• _YOUR TASK_:
Pictures are to be left out, and only the lines below starting at the one with "Rework Nike Sweatshirt Bustier - M" and ending at the one with "Masai tribespeople realizar" are to be reproduced, each exactly, both ends included.

• _INPUT MATERIAL_:
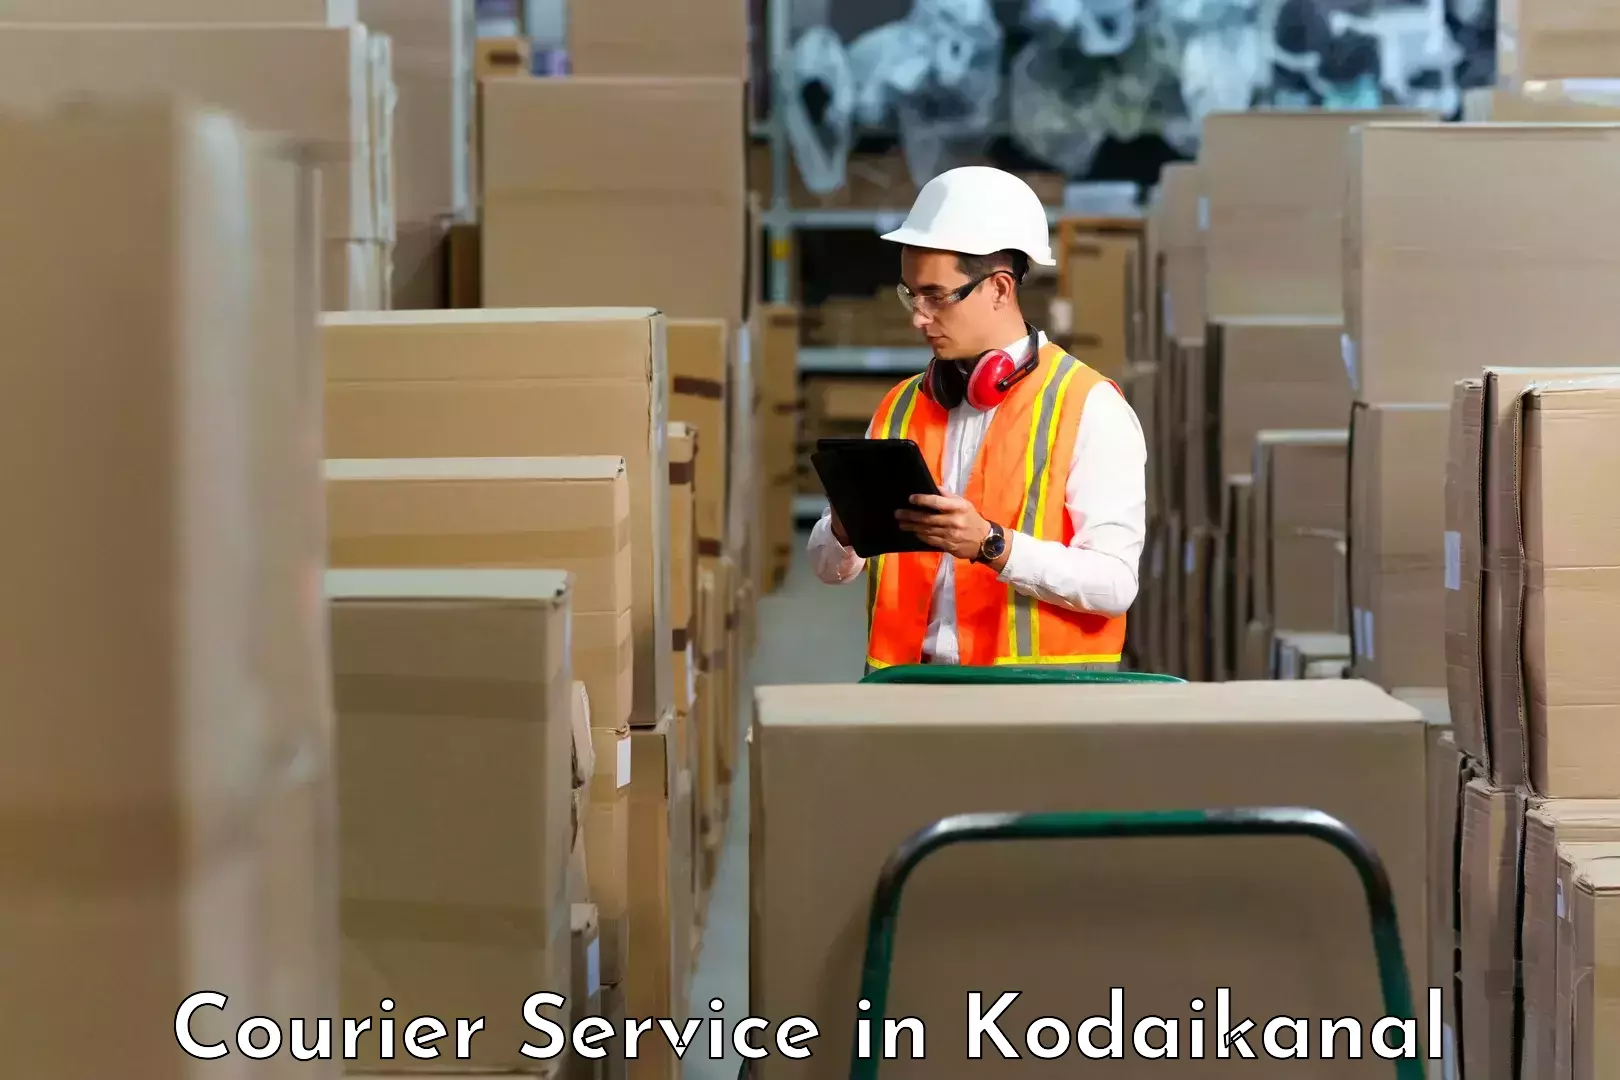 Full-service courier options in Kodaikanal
---
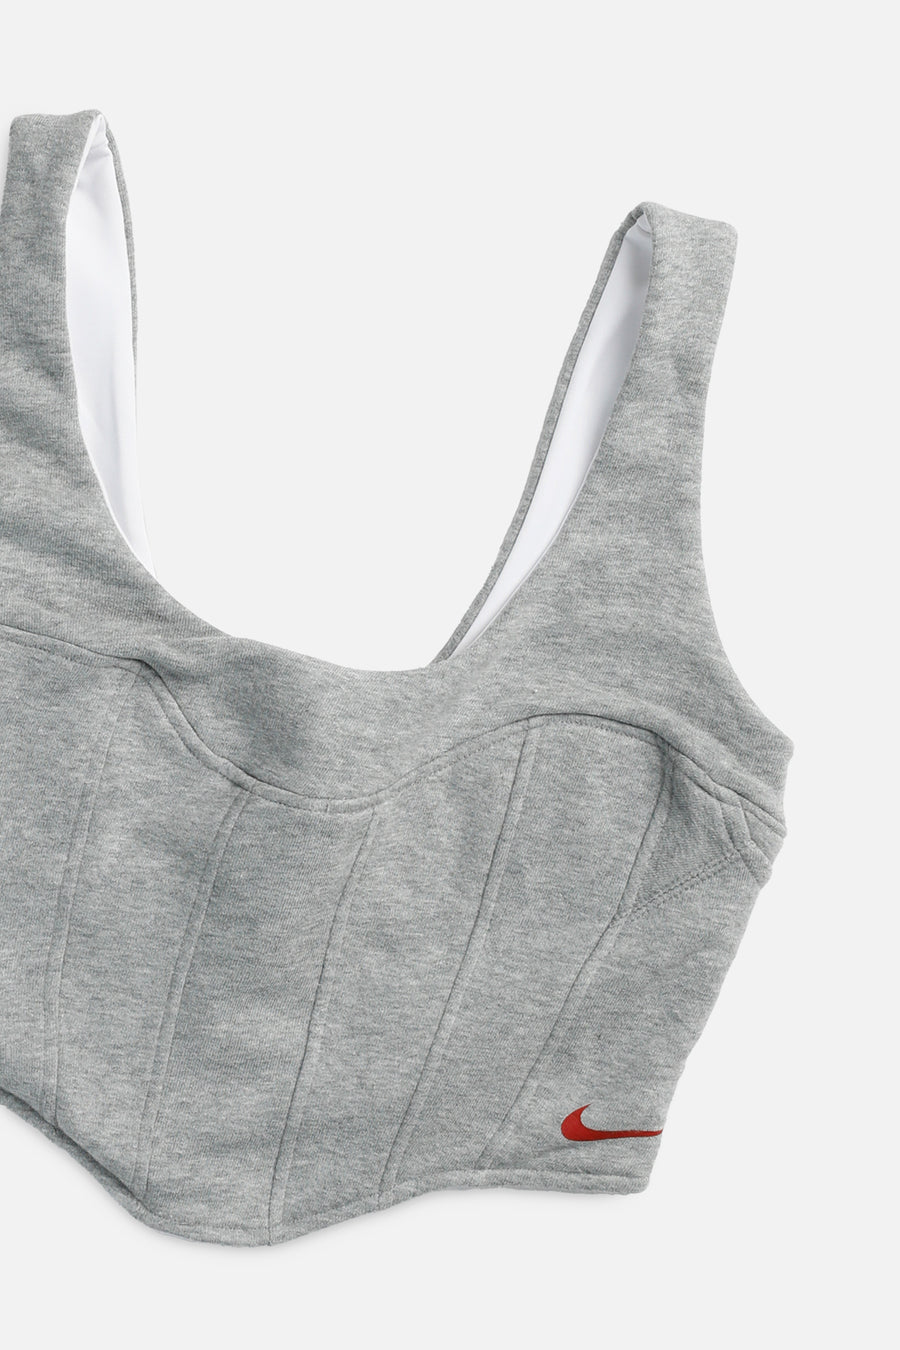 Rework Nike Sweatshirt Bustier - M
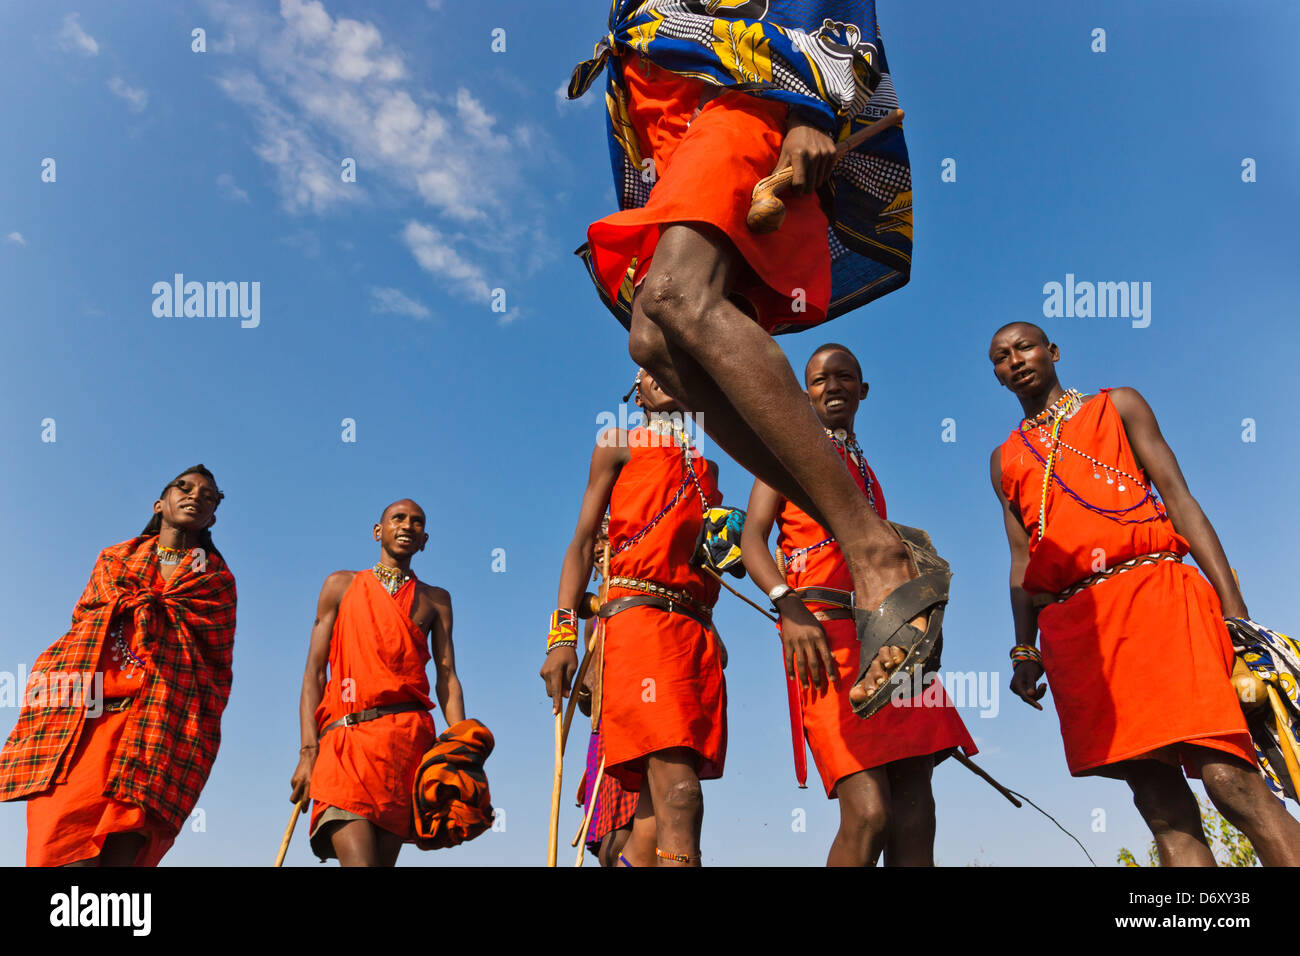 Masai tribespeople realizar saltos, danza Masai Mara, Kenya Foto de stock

• _RESPONSE BOX_:
 Rework Nike Sweatshirt Bustier - M
 Masai tribespeople realizar saltos, danza Masai Mara, Kenya Foto de stock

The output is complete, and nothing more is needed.